Sprint Configuration

  • Unique sprint names (e.g. “Payments Sprint 42”).
  • Sprint start/end dates managed by Scrum Master.
  • No global shared sprints across teams.

Issue Types

  • Standardize issue types (Story, Bug, Spike, Task, Epic).
  • Use clear definition of each issue type.

Custom Fields

  • Team ownership field enforced.
  • Definition of Ready checklist custom field (optional).

Permissions

  • Only Product Owner can prioritize backlog.
  • Only Developers can move tickets into “In Progress.”
  • Scrum Master manages workflow states and blocked tickets.

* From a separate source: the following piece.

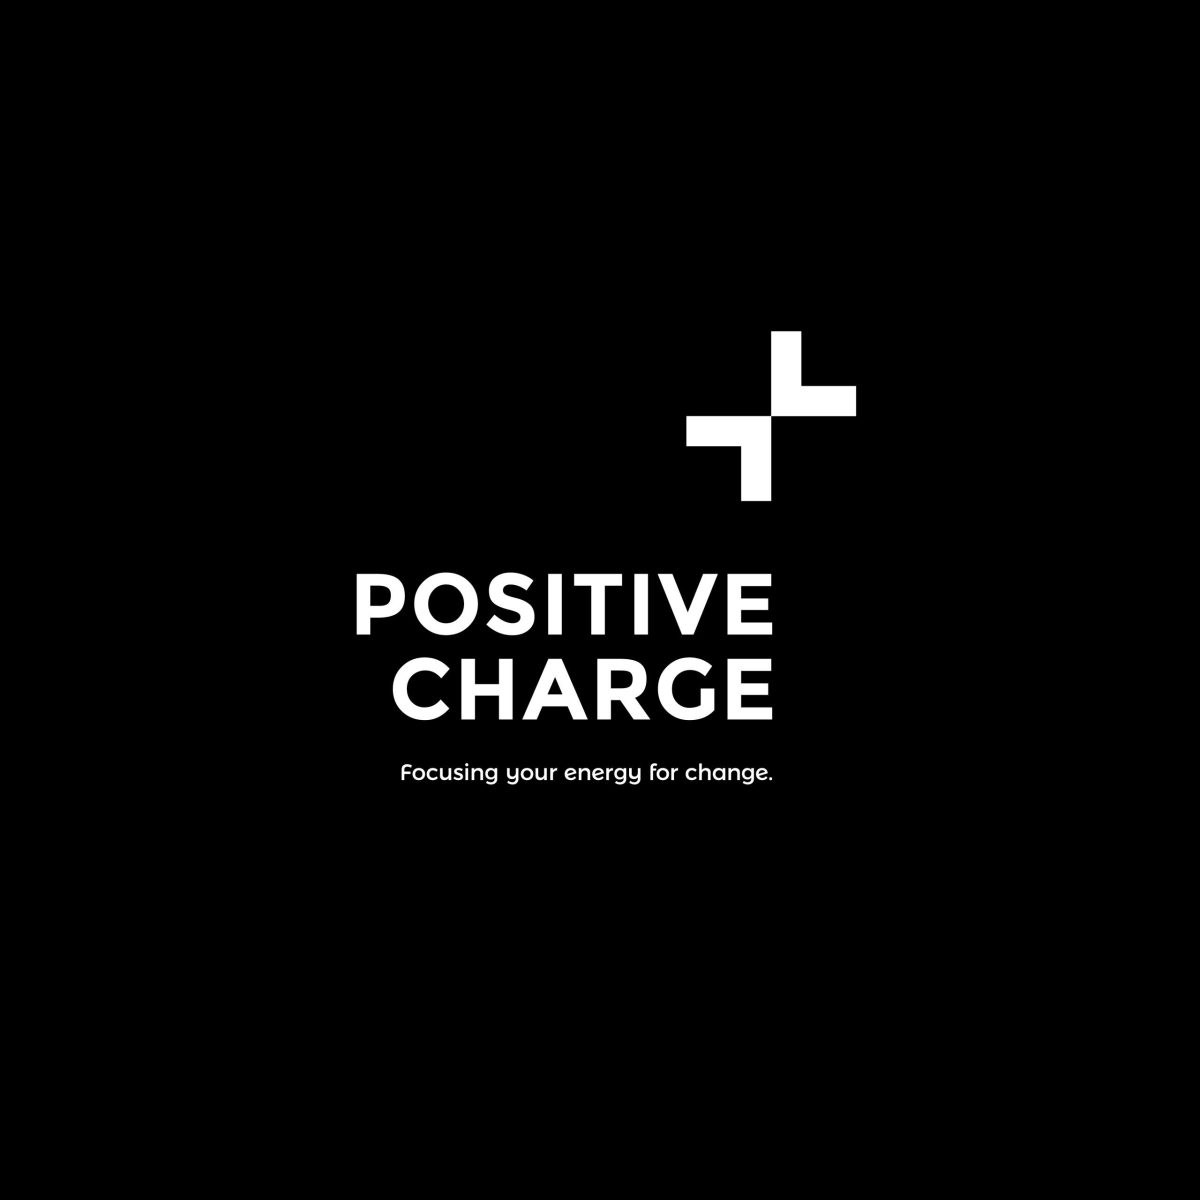 Logo__PositiveCharge__white

2. Sprint Planning Readiness Checklist

ItemMandatory?Owner
Acceptance Criteria writtenYesProduct Owner
Dependencies clearedYesPO + SM
Estimation completedYesTeam
Test cases pre-defined (if needed)YesQA/Dev
Linked Epics (if applicable)YesPO
Stakeholder clarification doneYesPO
Technical design spikes completedIf neededDev
Definition of Ready metYesSM enforces

Rule: If any item is not complete, ticket cannot enter sprint!

3. Leadership-Level Scrum Audit Sheet

Product Ownership

  • Is backlog solely owned and prioritized by PO?
  • Are business stakeholders held outside of day-to-day task assignments?
  • Is prioritization visible and transparent?

Scrum Master Performance

  • Is the SM actively removing blockers daily?
  • Is the SM enforcing process discipline in standups and planning?
  • Is the SM coaching team self-management?

Team Autonomy

  • Is work pull-based, not assigned?
  • Are developers choosing tasks based on capacity & readiness?
  • Are assignments happening outside of sprint planning? (Red flag)

Process Discipline

  • Is DoR enforced for all tickets?
  • Is DoD enforced before tickets are closed?
  • Is sprint commitment consistently honored?

Metrics Integrity

  • Is velocity tracked per team (not blended)?
  • Are sprint burndowns reliable?
  • Are scope changes minimized inside active sprints?

Jira Hygiene

  • One board per Product Team?
  • Clear ownership fields used?
  • Shared sprints eliminated?

Prime Directive:

“Scrum is not failing because of Agile. Scrum is failing because ambiguity is allowed to exist. Auditing removes ambiguity.”